Однако Гёте относил эту характеристику не специально к Аполлону, не к определенному, весьма ограниченному периоду эллинской жизни. Он относил ее к античному духу вообще. В этом он разделял всеобщее для XVIII века заблуждение, созданное, между прочим, как раз Винкельманом.

В действительности было совсем не так.

IV

Вокруг Эллады

В то время как над Элладою безраздельно царил светлый, радостный и кипучий Аполлон, в дикой и суровой Фракии, к северу от Эллады, жили племена, поклонявшиеся странному, неведомому эллинам богу.

На жизнь эти люди смотрели как на тяжкое несчастье. Рождение ребенка встречалось у них плачем. «Близкие, – рассказывает Геродот, – сидели вокруг новорожденного и оплакивали его, и скорбели о несчастиях, которые ждут его в жизни, и перечисляли все человеческие страдания. Умерших же они погребали с радостью и ликованием и говорили: теперь он избавился от всех зол и живет в блаженстве». Жены умершего ссорились друг с другом за честь быть зарезанною на могиле мужа. Люди с радостным одушевлением шли в бой навстречу смерти, потому что смерть казалась им прекрасною.

А еще выдавались фракийцы своим пьянством. Даже женщины пили у них неразбавленное вино. Формы дикого и тяжелого разгула еще Гораций называет «свойственными фракийцам». Опьянялись фракийцы также дымом бросаемых в огонь зерен – очевидно, конопли (гашиш).

Так жили эти люди в мрачном отъединении от жизни, от ее света и радости. Но наступил час – и из другого мира, из царства духов, приходил к ним их бог Сабазий. И тогда все преображалось.

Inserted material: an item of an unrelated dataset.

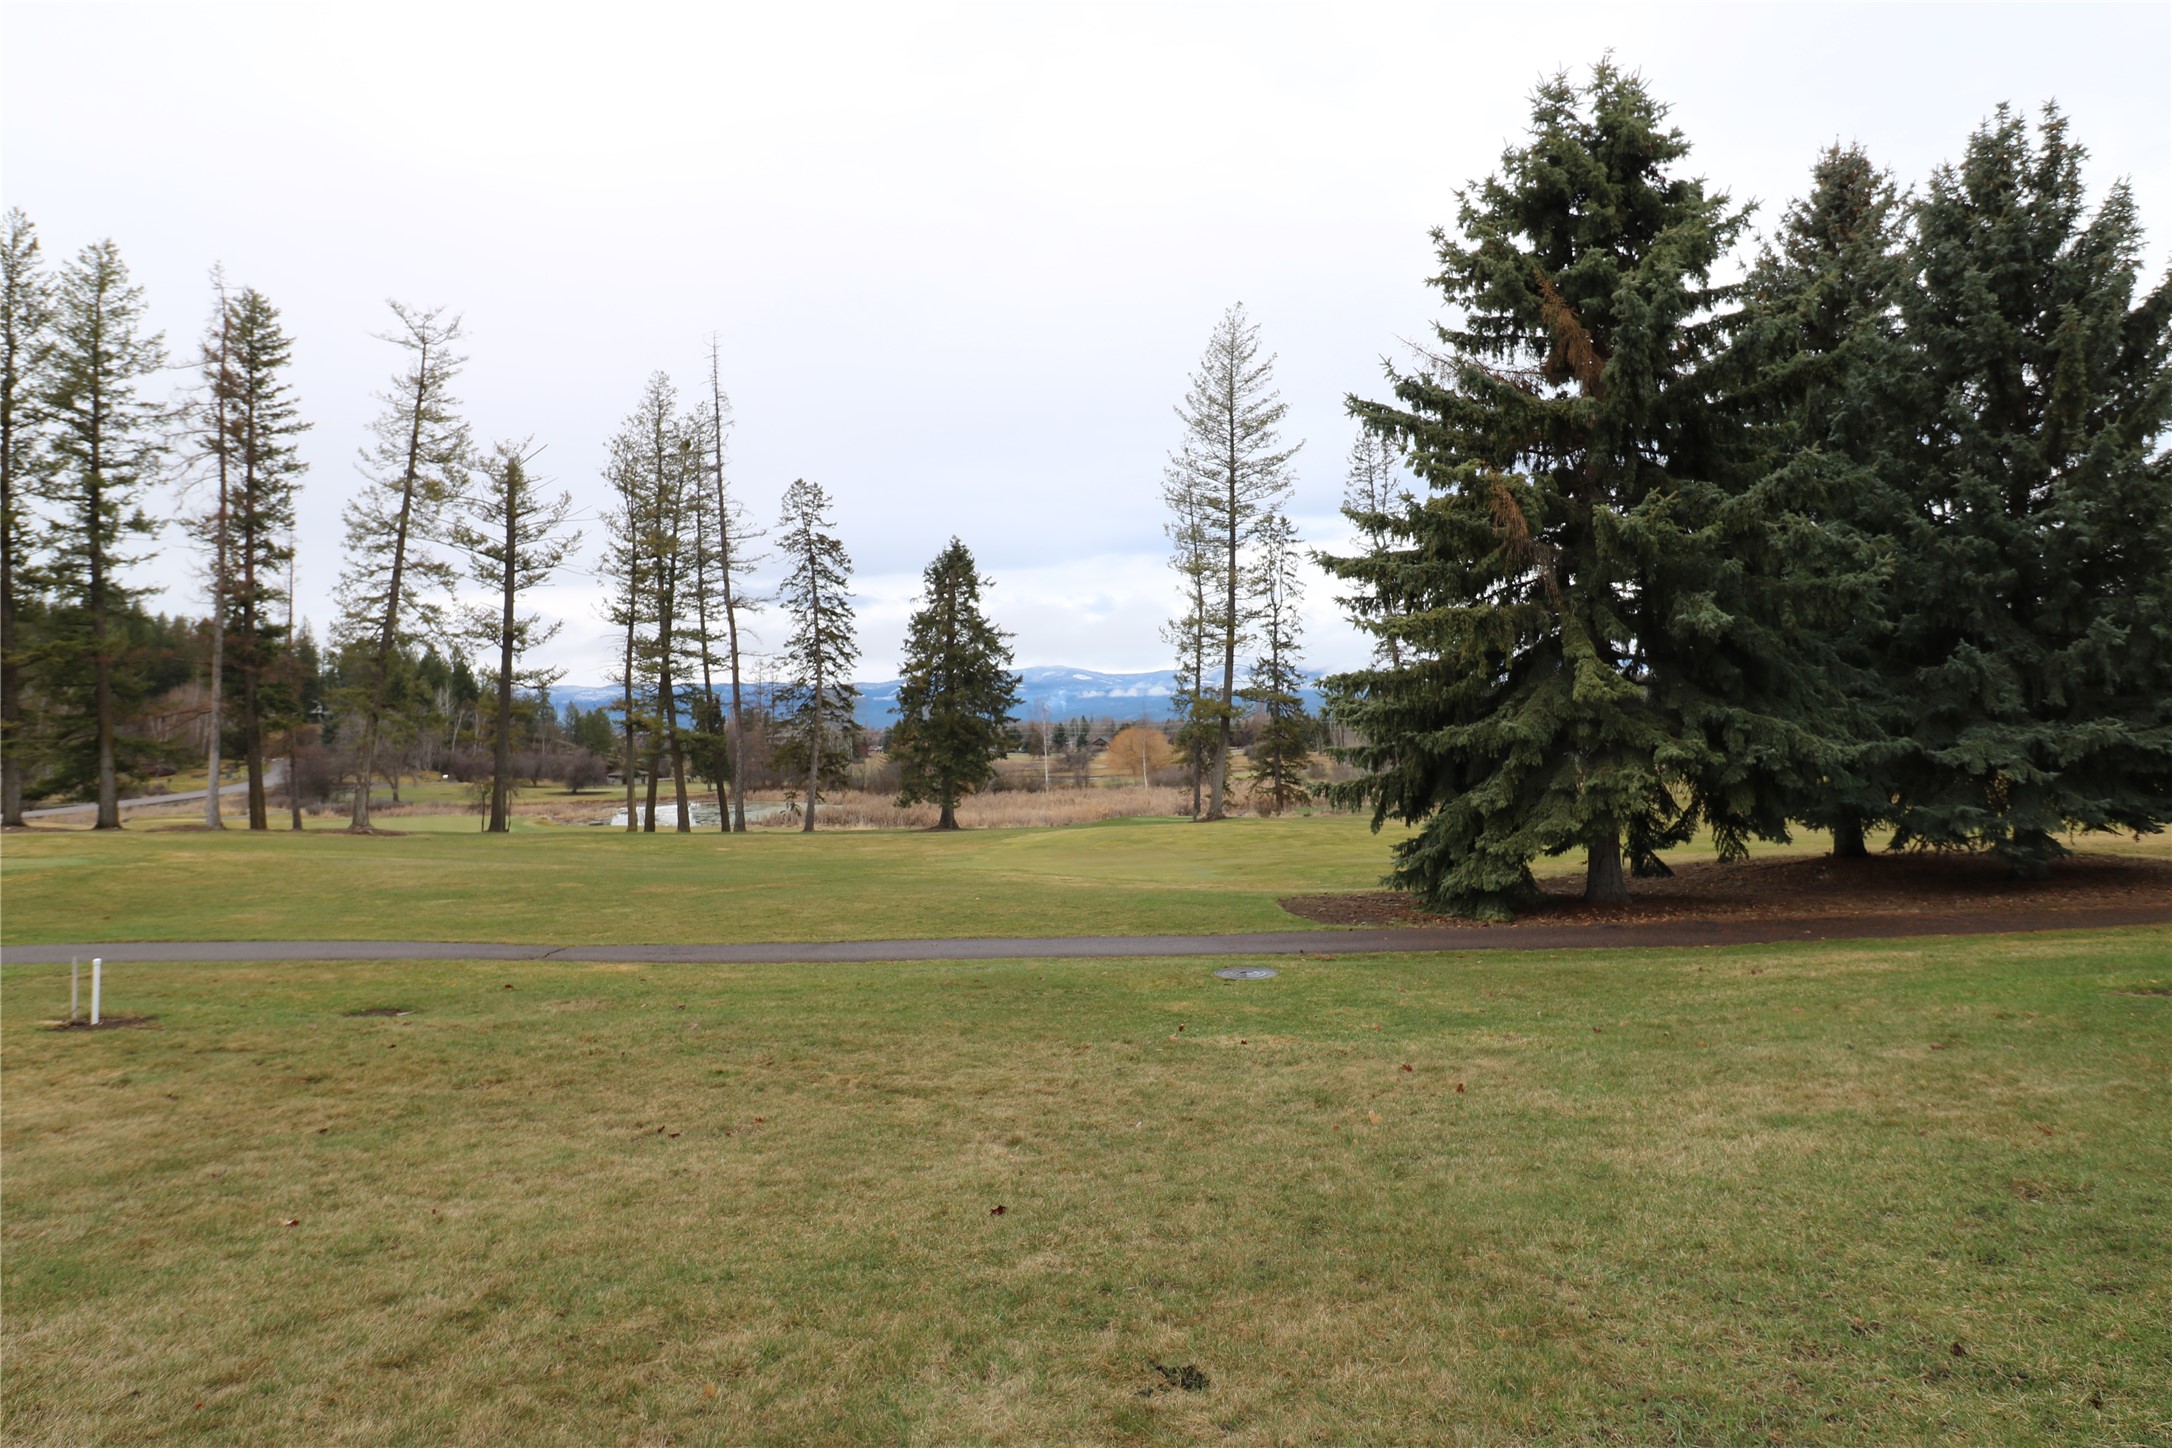 This great Eagle Bend North lot on the 15th tee box awaits your new home. Wonderful views overlooking the golf course, the western mountains, and mature pines.  Good location with nice homes and very convenient to the clubhouse, athletic club, yacht harbor, the village of Bigfork and Flathead Lake. Call Bill Leininger at 406-253-7333 or your real estate professional.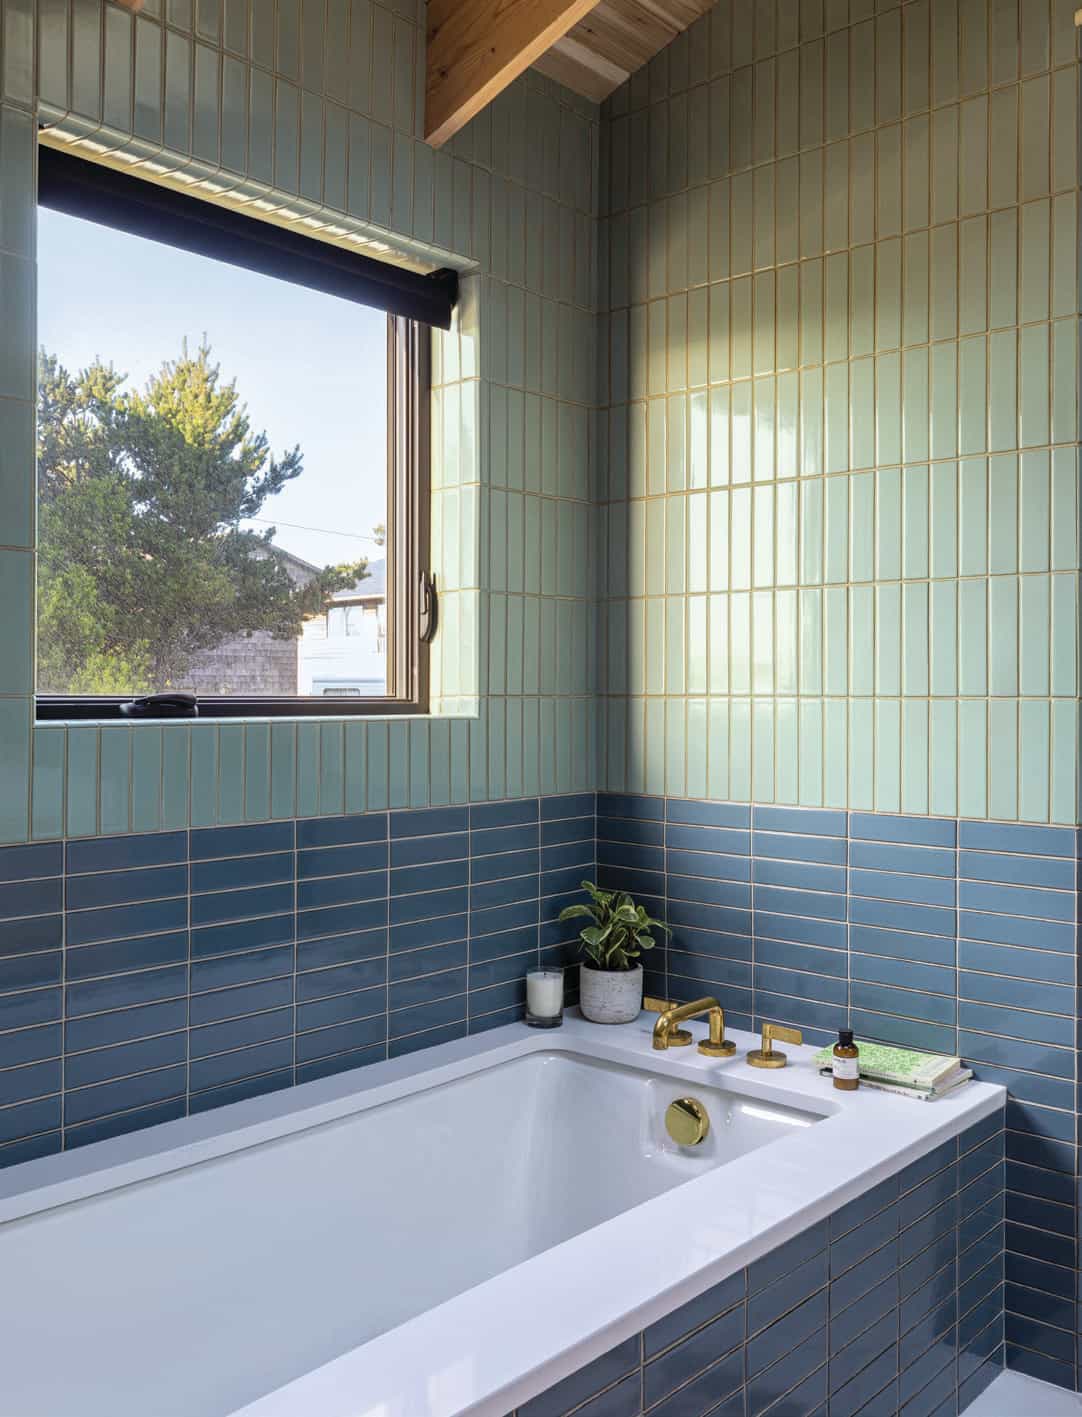 Humphrey has fun with light, and tile color and size.

Темною ночью, при мелькающем свете факелов, двигались по горам толпы людей, встречавших бога; особенно всегда бывало много женщин. Заливались флейты, оглушительно гремели литавры и медные тазы. Люди с пронзительными криками бешено плясали и кружились под музыку. На головах их были рога, в руках извивались живые змеи; мелькали в воздухе кинжалы и обвитые плющом копья. Жуткая тьма ночи, дикая музыка, бешеная пляска и кружение, – может быть, еще вино и гашиш, – зажигали душу пьяным безумием. В экстазе человек «исступал из себя», душа втягивалась в какой-то огромный вихрь всеединого, безумного блаженства, далеко уносивший его от обыденной жизни. Собственное тело человека становилось для него чуждым, не своим. Он жег себя огнем, колол кинжалами – и боли не было; а если была боль, то она давала только радость. И далеко была внизу вся обычная жизнь с ее страхами, нуждою и привязанностями. Мать в таком состоянии могла растерзать собственного сына – и не было жалости, а была та же радость.

И всё гремели литавры, неистово кружились люди, священное безумие росло. Приводили жертву; в более ранние времена это был человек – выбранный по жребию или военнопленный; позднее – бык. Люди бросались на жертву, живьем разрывали ее на части, пили льющуюся кровь, пожирали кровавое мясо. И творилось тут великое чудо и великая тайна: растерзанная жертва – это был сам бог Сабазий. Но и те, которые разрывали его на части, сами участники радений, – они теперь уже не были людьми: через плоть и кровь жертвы они приобщались к великому, страждущему богу Сабазию, становились его частью, – становились богами, «Сабазиями» или «Сабами».